TASK TO COMPLETE: Give the listing back in full, exactly as written, with the pictures removed.

PROVIDED MATERIAL:
= Beginning of Section =

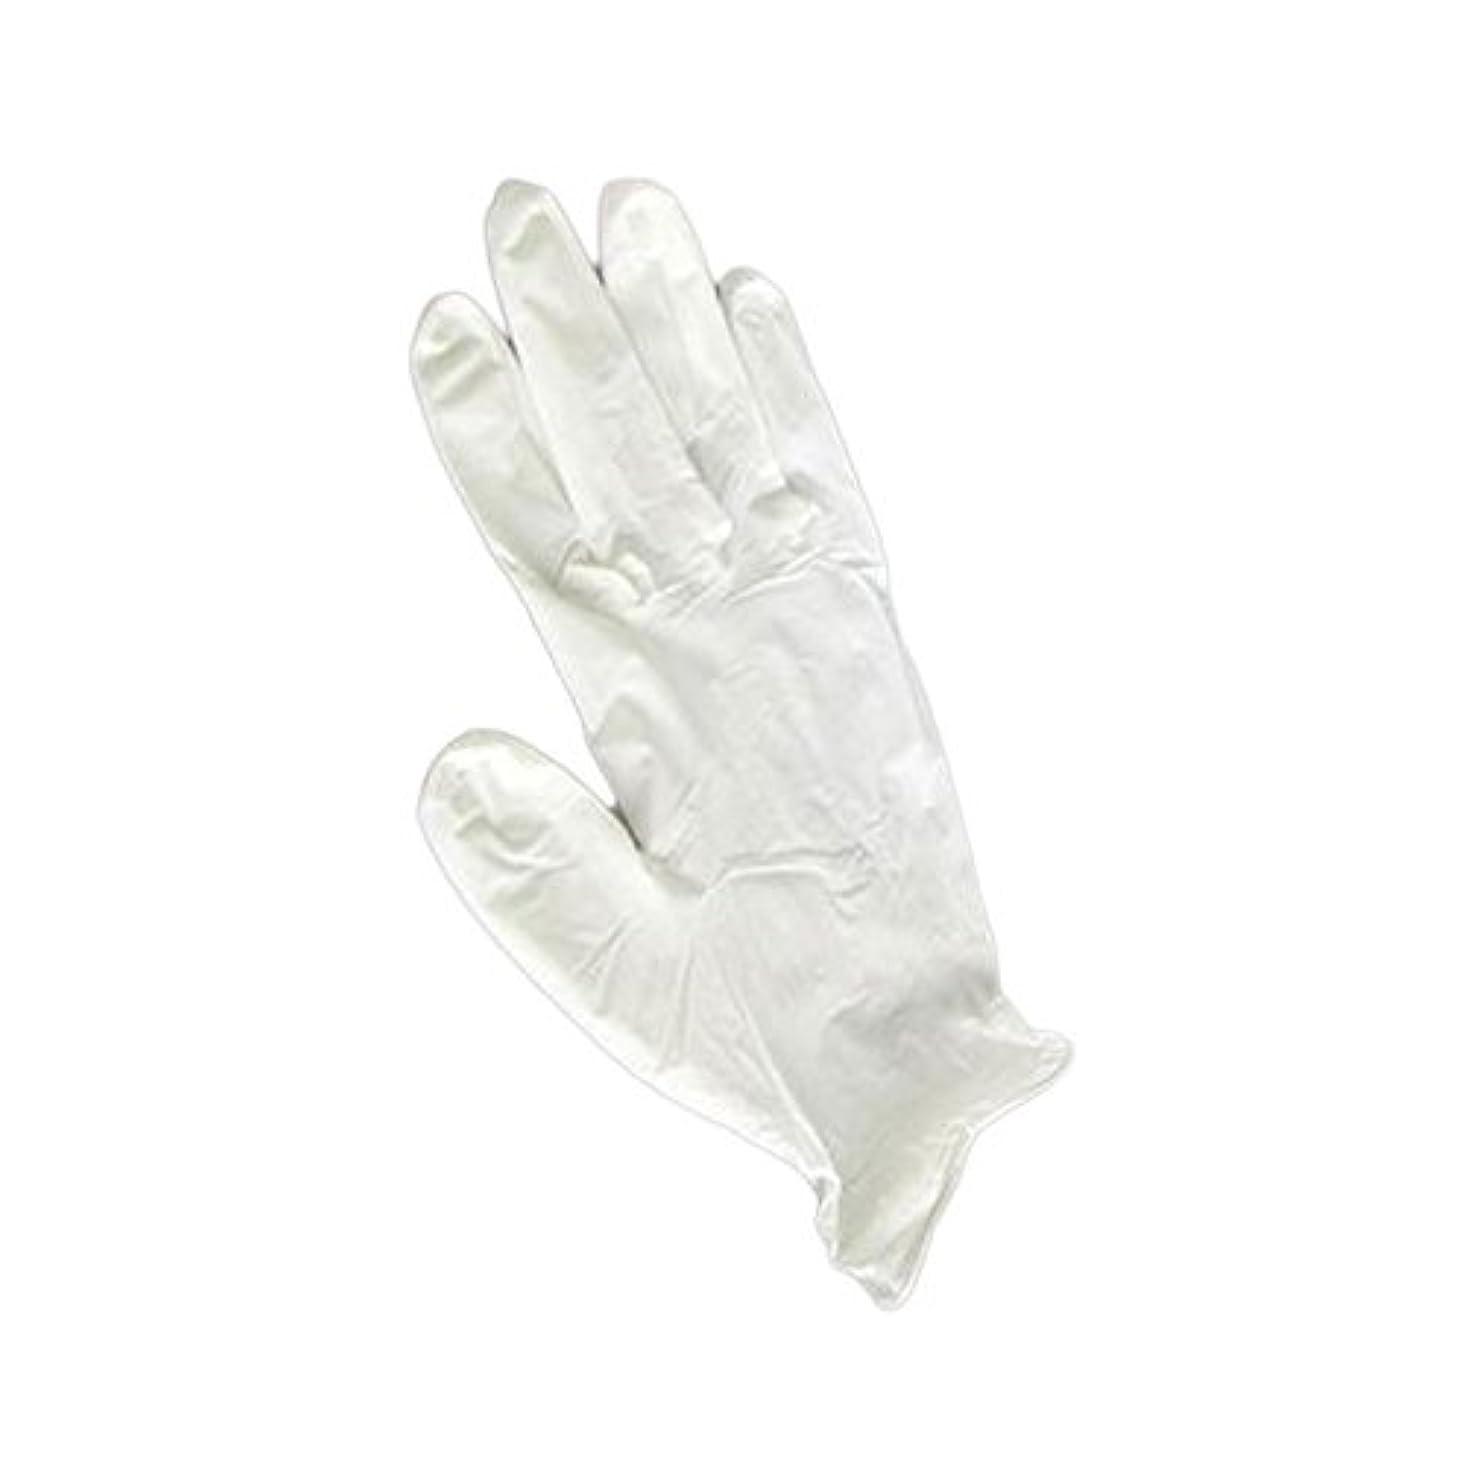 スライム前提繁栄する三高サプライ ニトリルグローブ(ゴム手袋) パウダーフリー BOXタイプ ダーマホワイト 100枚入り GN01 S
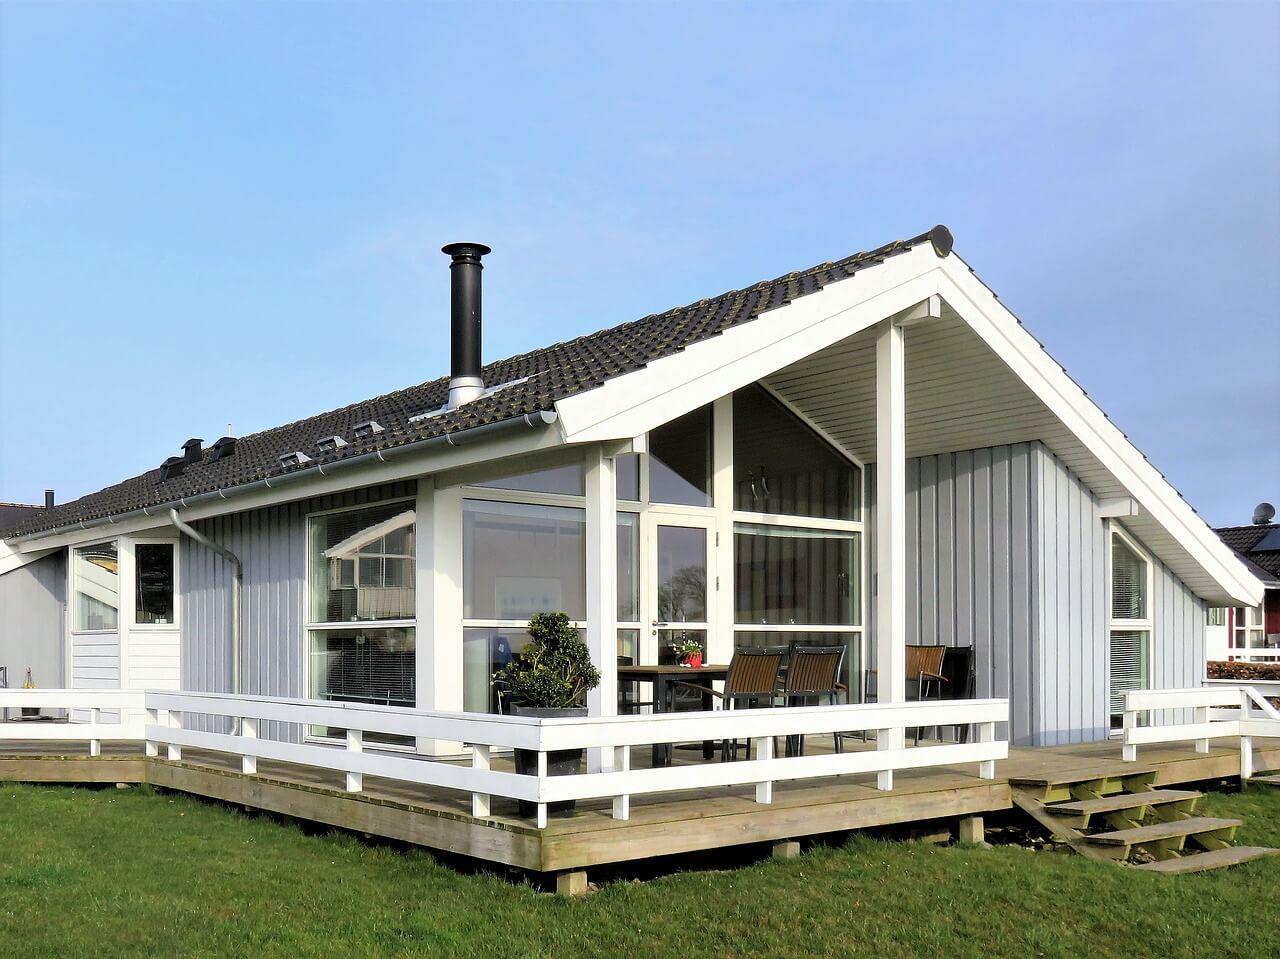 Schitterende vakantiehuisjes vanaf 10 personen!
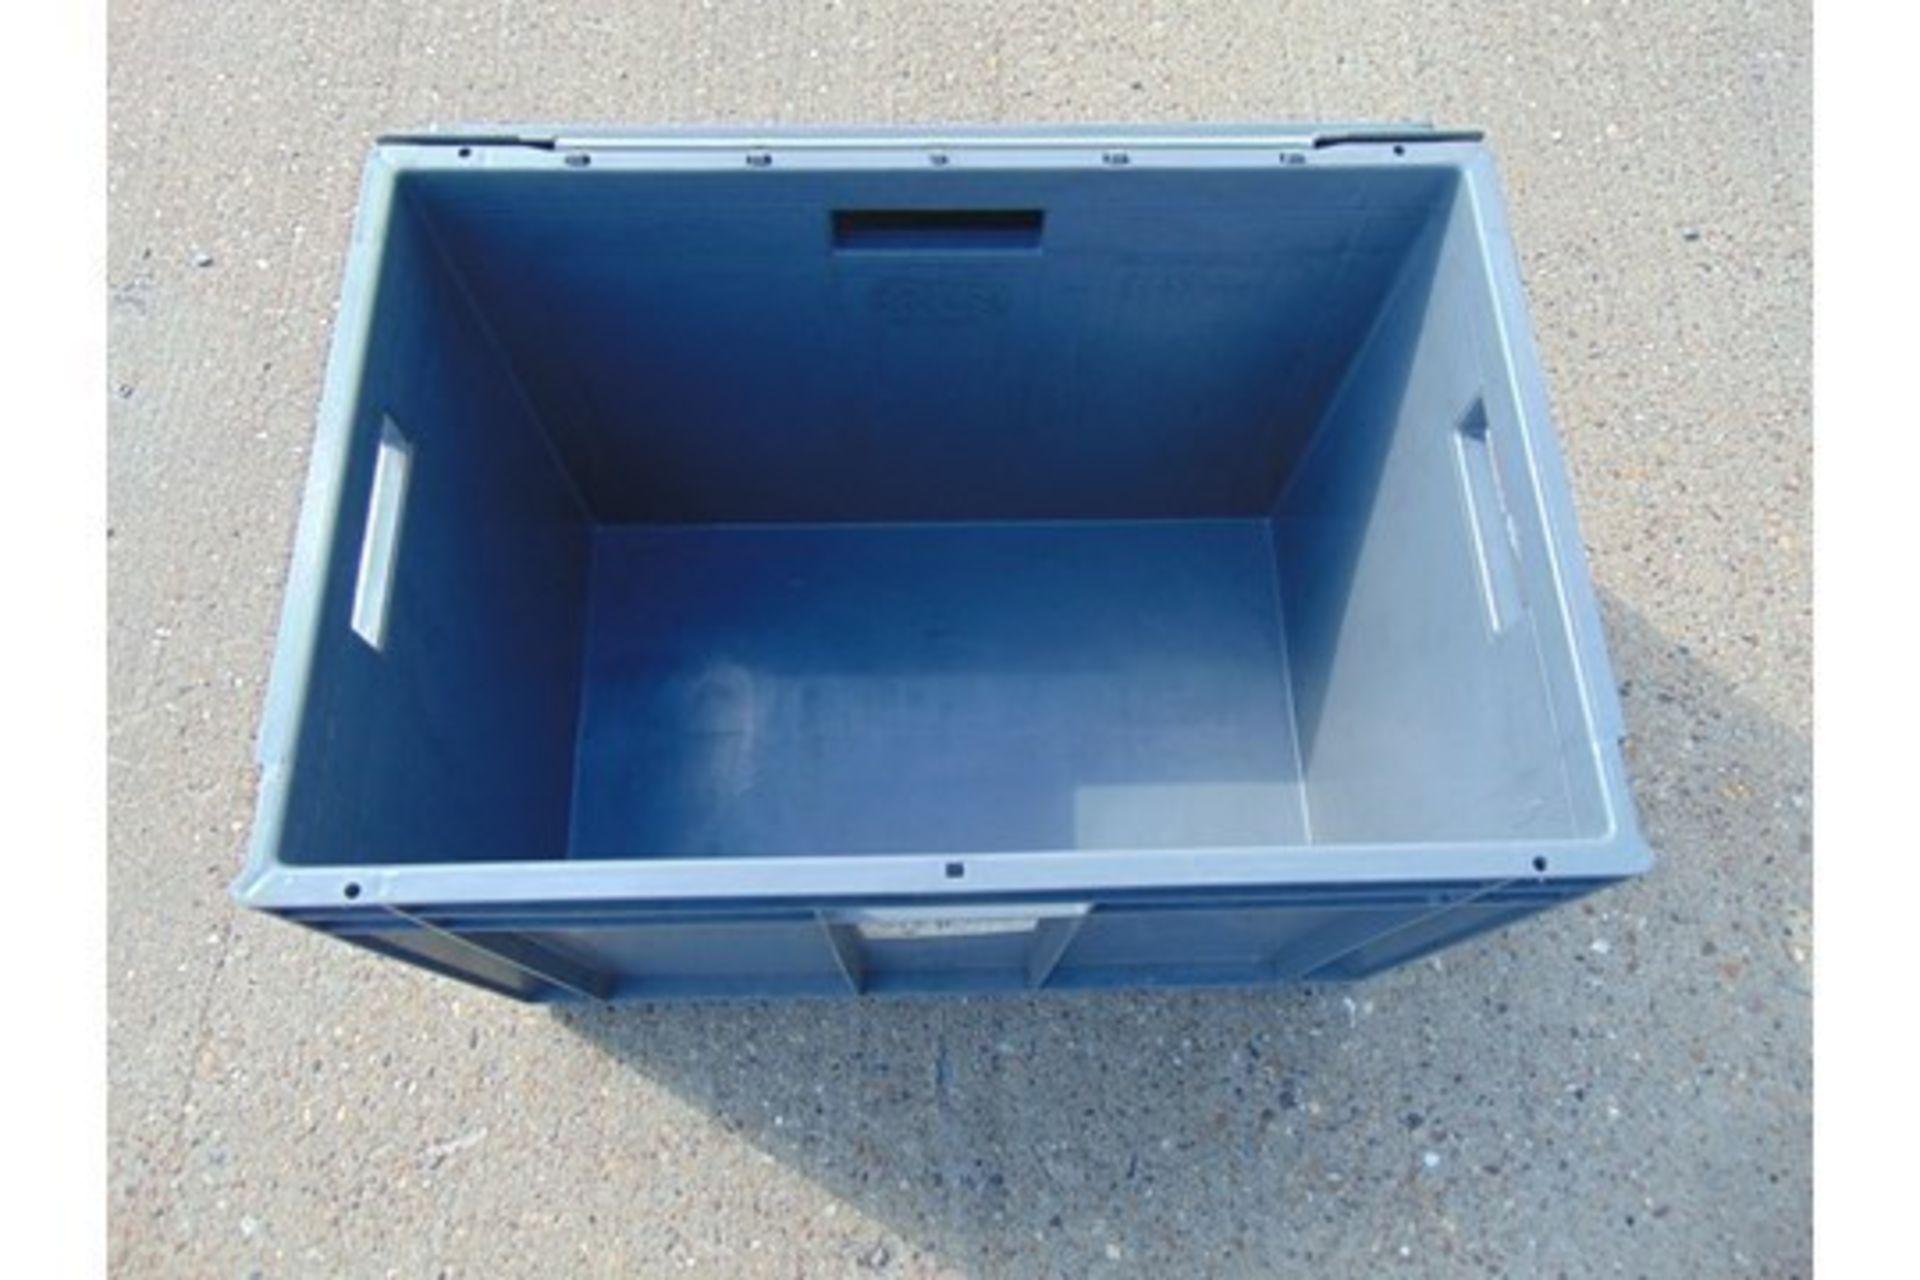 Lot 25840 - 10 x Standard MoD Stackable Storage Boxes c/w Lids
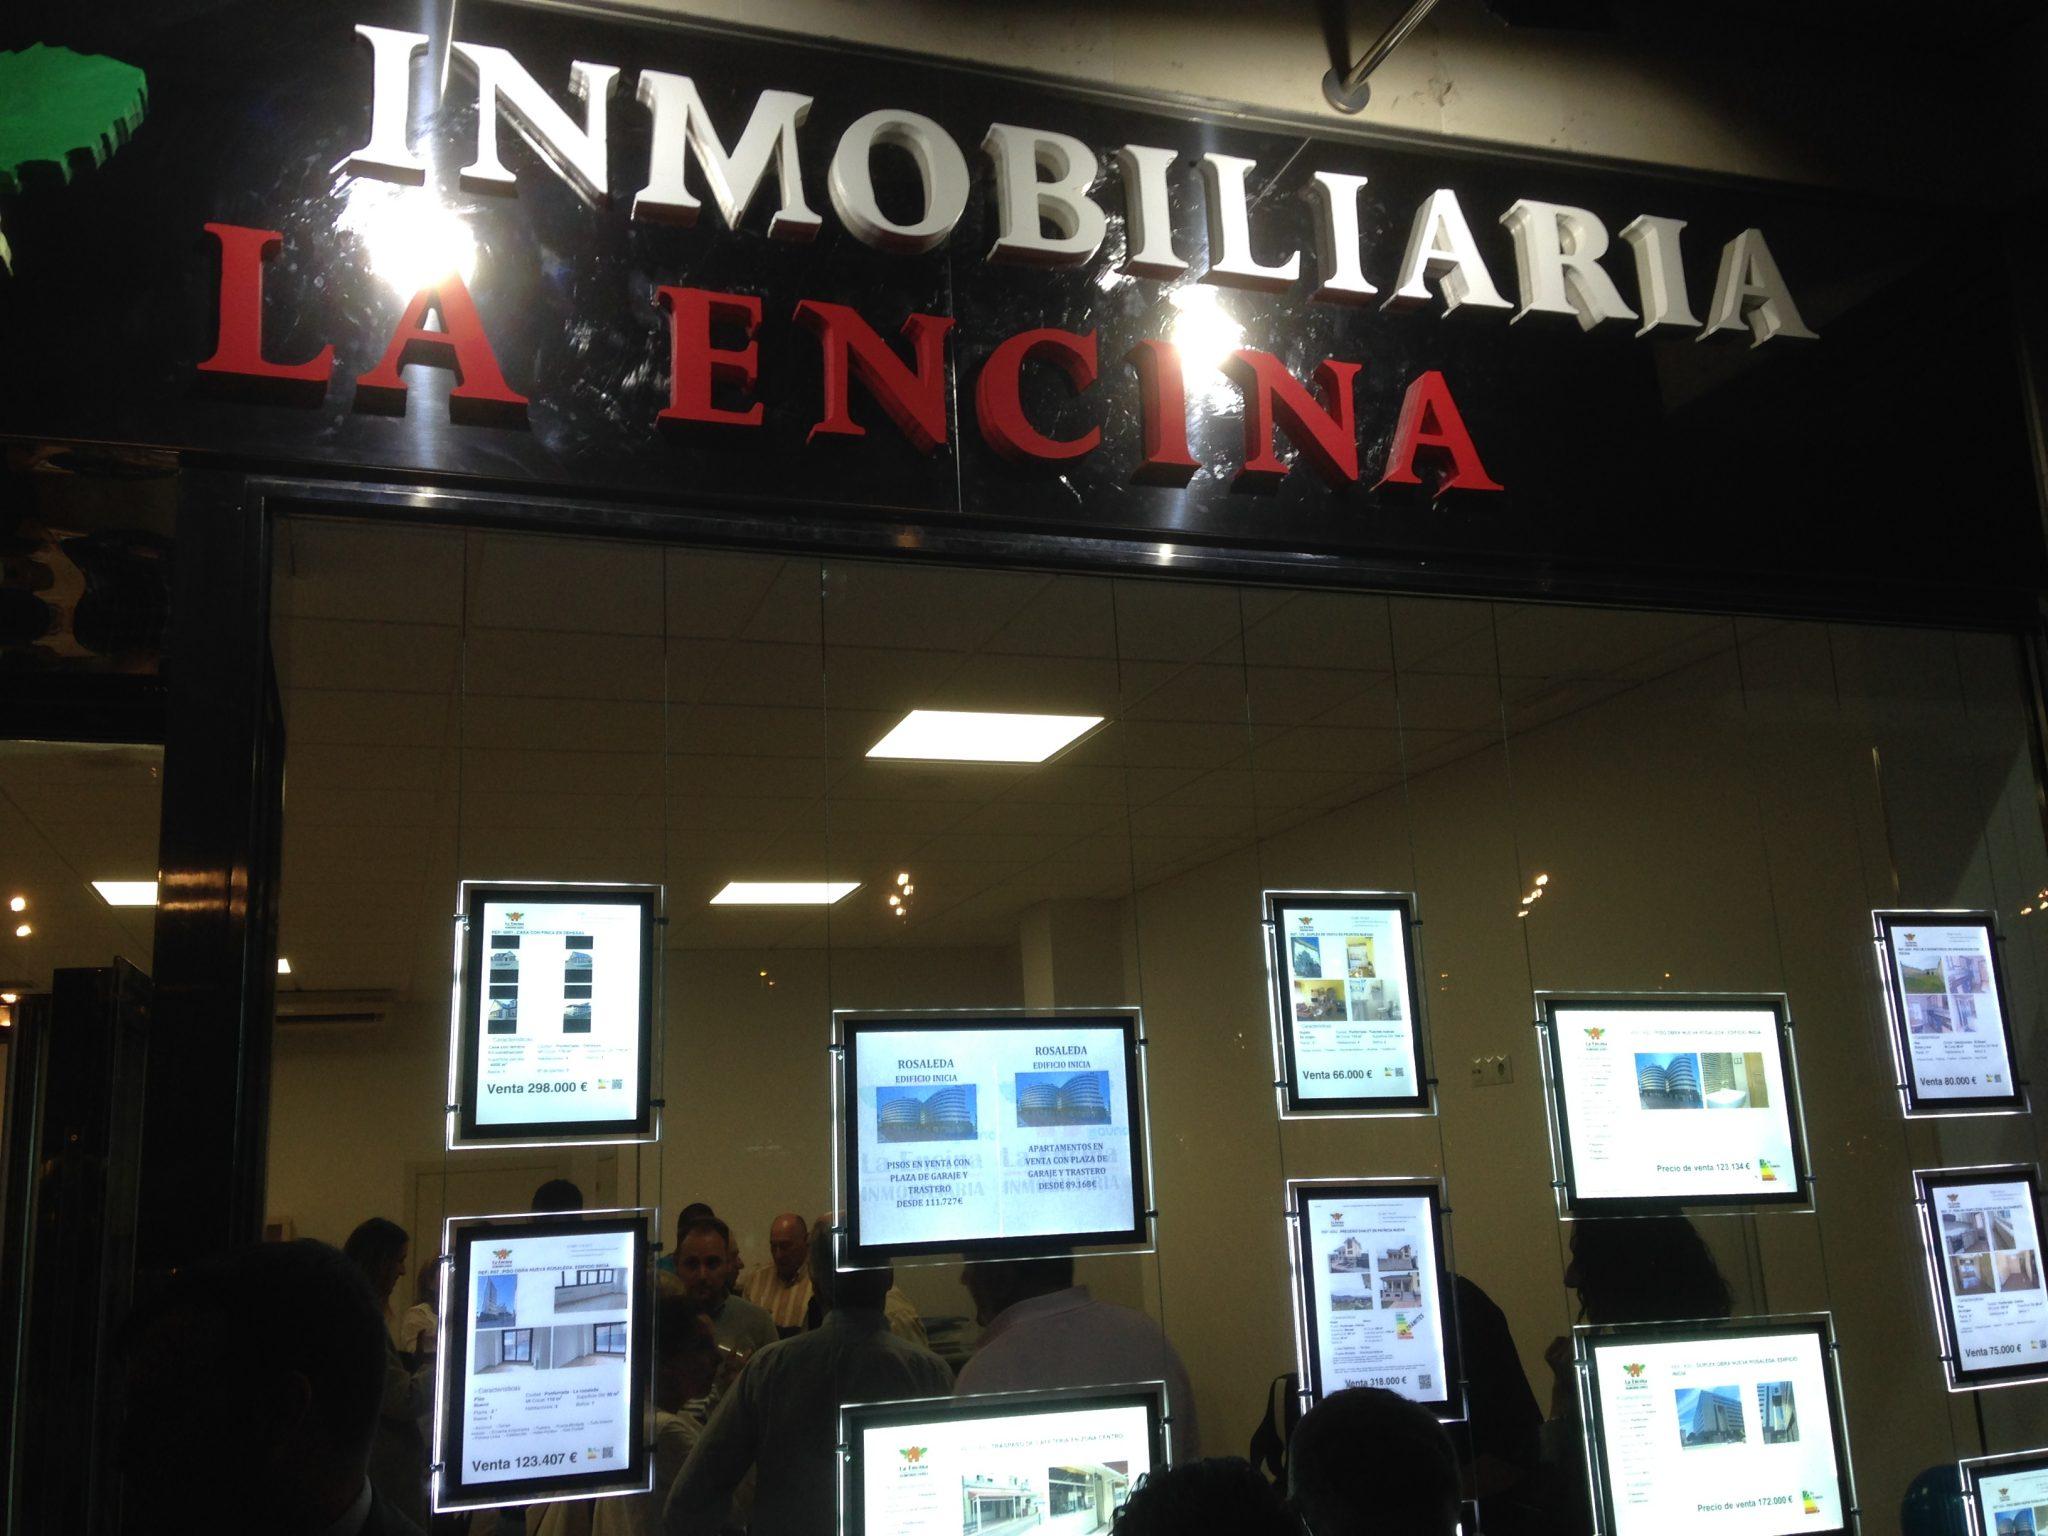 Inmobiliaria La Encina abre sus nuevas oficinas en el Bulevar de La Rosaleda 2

= End of Section =

ANSWER FOR THIS EXERCISE:
 スライム前提繁栄する三高サプライ ニトリルグローブ(ゴム手袋) パウダーフリー BOXタイプ ダーマホワイト 100枚入り GN01 S
 Schitterende vakantiehuisjes vanaf 10 personen!
 Lot 25840 - 10 x Standard MoD Stackable Storage Boxes c/w Lids
 Inmobiliaria La Encina abre sus nuevas oficinas en el Bulevar de La Rosaleda 2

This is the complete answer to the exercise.